There are at least 20 solid forms of ice known to us. Recently, UNLV scientists have discovered a new form of ice, redefining the properties of water at high pressures.
Scientists devised a new method to measure the properties of water under high pressure. They started with squeezing a water sample between the tips of two opposite-facing diamonds—freezing into several jumbled ice crystals. The ice was then exposed to the laser-heating technique that melted it temporarily. It then quickly reformed into a powder-like collection of tiny crystals.

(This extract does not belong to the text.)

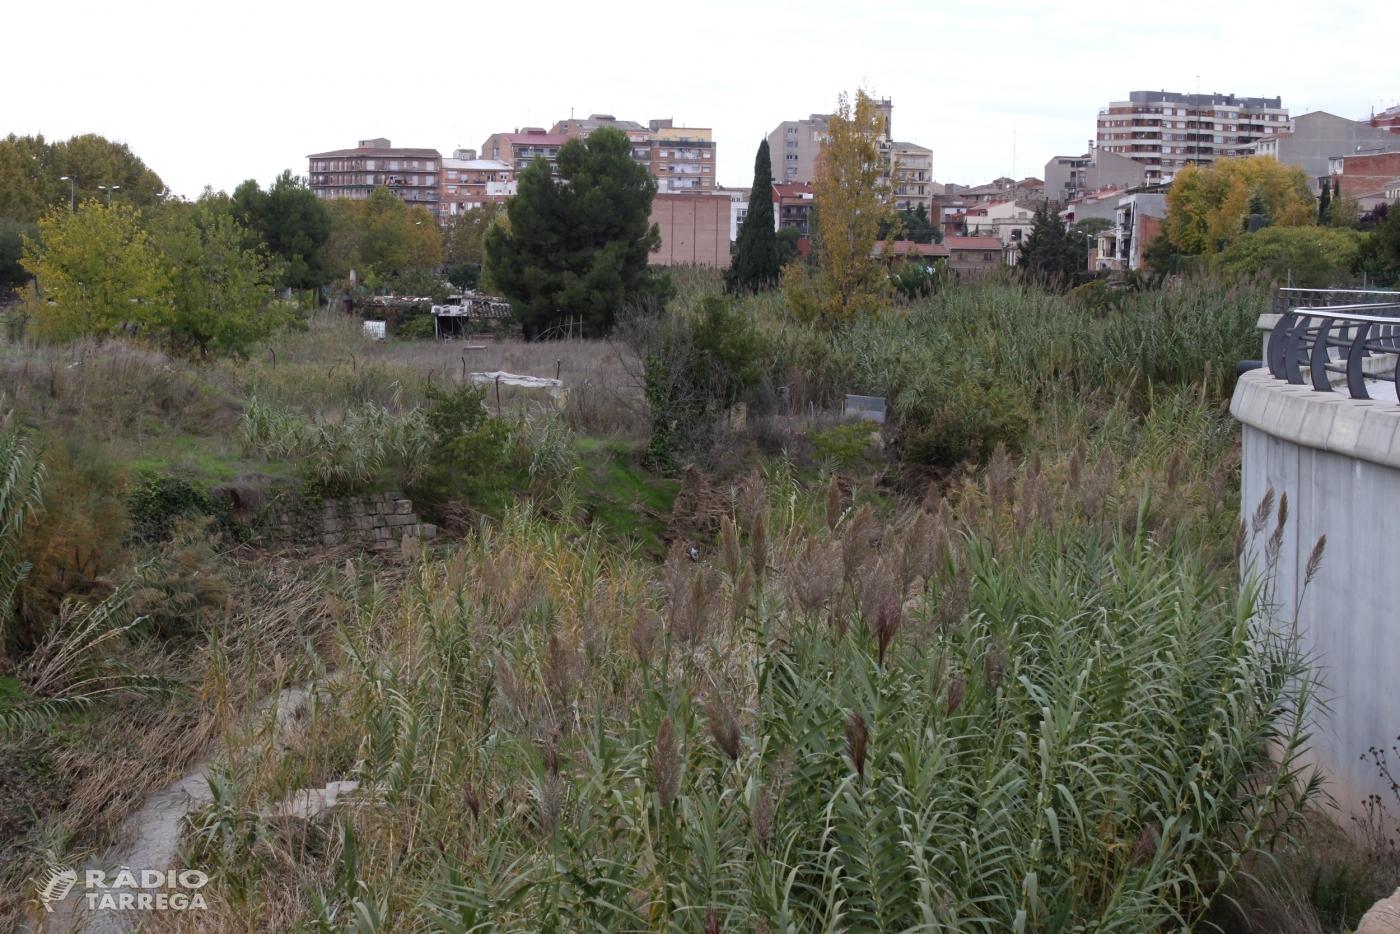 L'Ajuntament de Tàrrega finalitza l'expropiació d'horts vora el riu Ondara i licitarà durant el desembre les obres per convertir l'espai en zona de passeig

By gradually raising the pressure and intermittently obliterating it with a laser beam, the group saw that the water ice moved from a known cubic stage, Ice-VII, to the newfound intermediate and tetragonal stage, Ice-VIIt, before settling into one more known stage, Ice-X.
This transition to Ice-X occurs at much lower pressures than previously thought.
Zach Grande, a UNLV Ph.D. student, said, “While it’s unlikely we’ll find this new phase of ice anywhere on the surface of Earth, it is likely a common ingredient within the mantle of Earth as well as in large moons and water-rich planets outside of our solar system.”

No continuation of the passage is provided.